Dawn Ellinwood, vice president of Student Affairs and dean of students, does not have a traditional definition of leadership. “Anyone involved in an activity with a group making decisions that make a difference is in a leadership role,” she says. “My hope is that we can have broader definitions—each one of us is making change in different ways, small and large.” In her role on campus, Ellinwood is often helping others find a path forward. “Sometimes it doesn’t work!” she laughs.

“I see students in leadership roles on campus all the time, and it can be stressful and overwhelming. Leadership is work!”

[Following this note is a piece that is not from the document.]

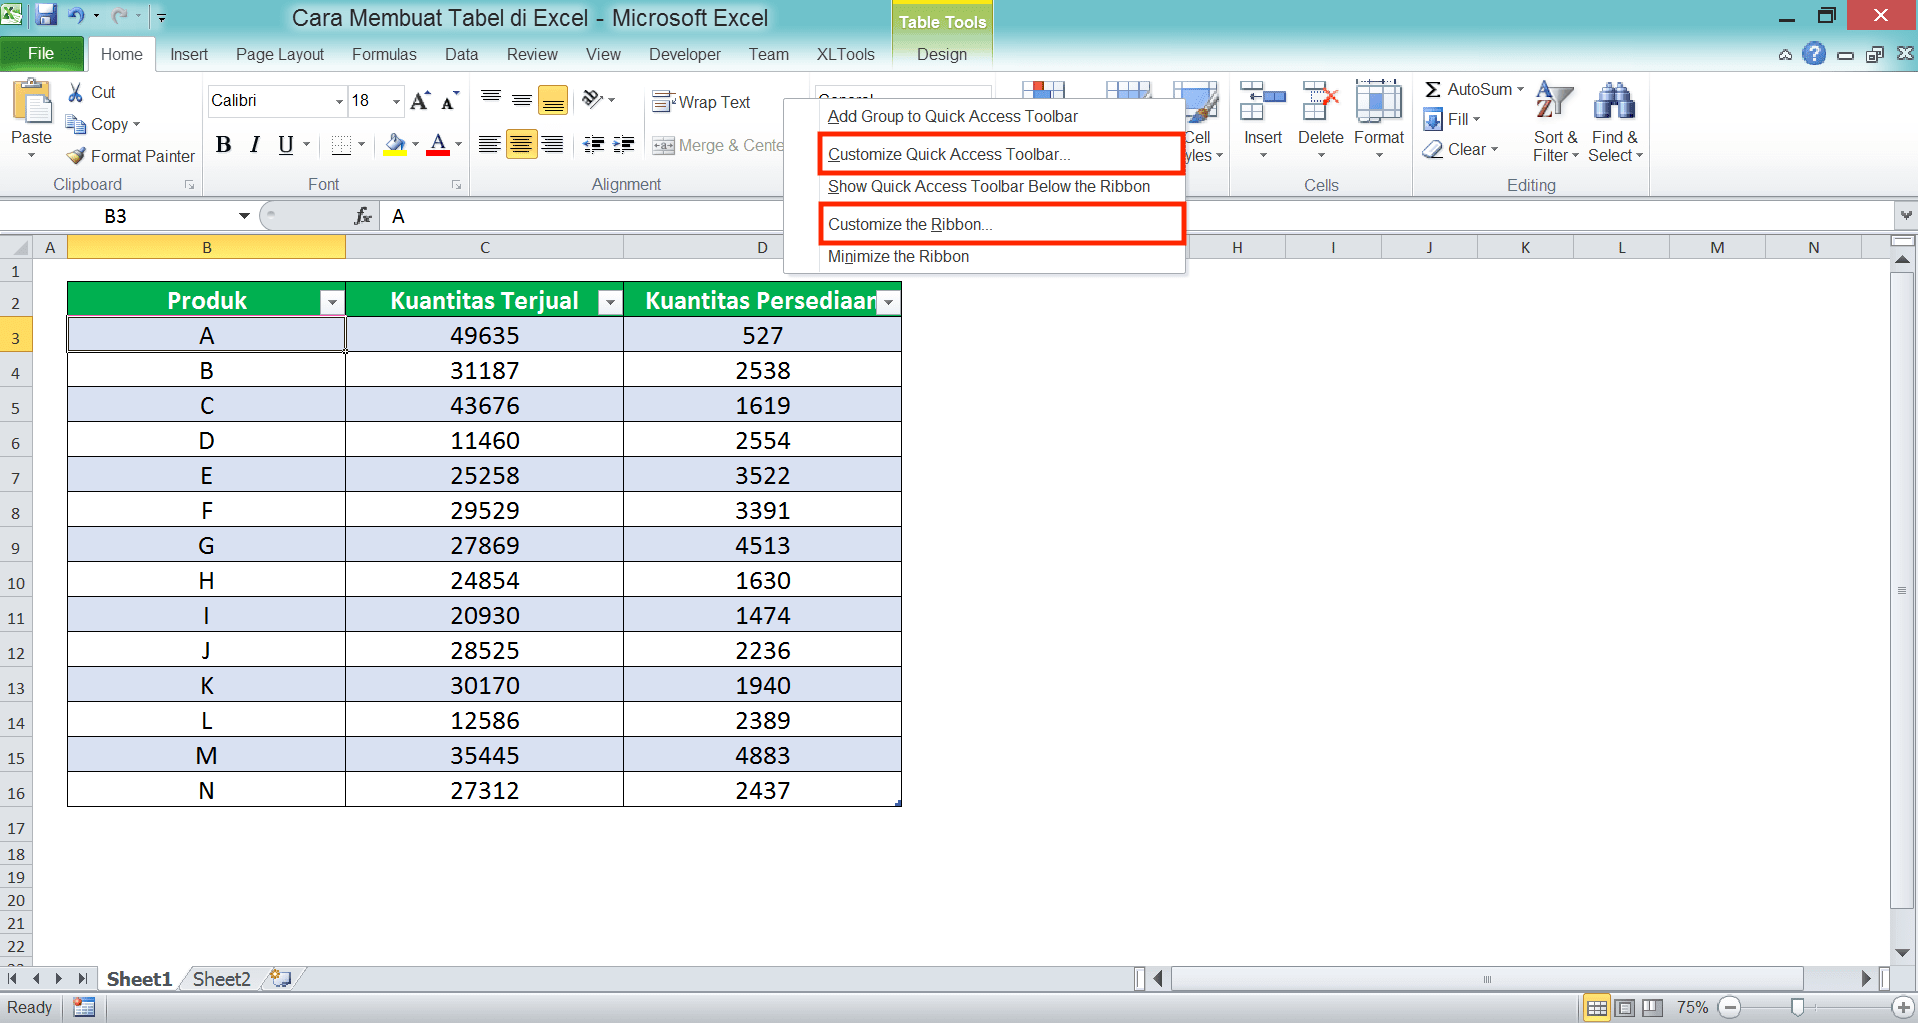 Cara Membuat Tabel di Excel - Screenshot Lokasi Pilihan Customize Quick Access Toolbar…/Customize the Ribbon… di Excel

Ellinwood agrees it’s all about preparation and humility. “Leadership is not about ME,” she says. It’s often about knowing what others need. “The other night I heard fire trucks heading to the residence halls. I went over, and Nick Welch ’23, one of the student leaders in Fire and Rescue, came right up to me and said ‘Dawn, it’s not a fire.’ Now that was leadership. He knew exactly what information I needed.”

Dawn sees similar scenarios all over campus: on athletic fields, in the work of student volunteers in MOVE helping people to rebuild postpandemic, and in the resident assistant on each floor of the residence halls.

“Many courses at St. Mike’s also include community engagement pieces in which students can apply what they have learned about ethical leadership. All of these students learn to see what’s needed and then do it. They lift people up and facilitate real change.

“Leadership is more than a skill set,” she says, smiling. “It’s a way of life.”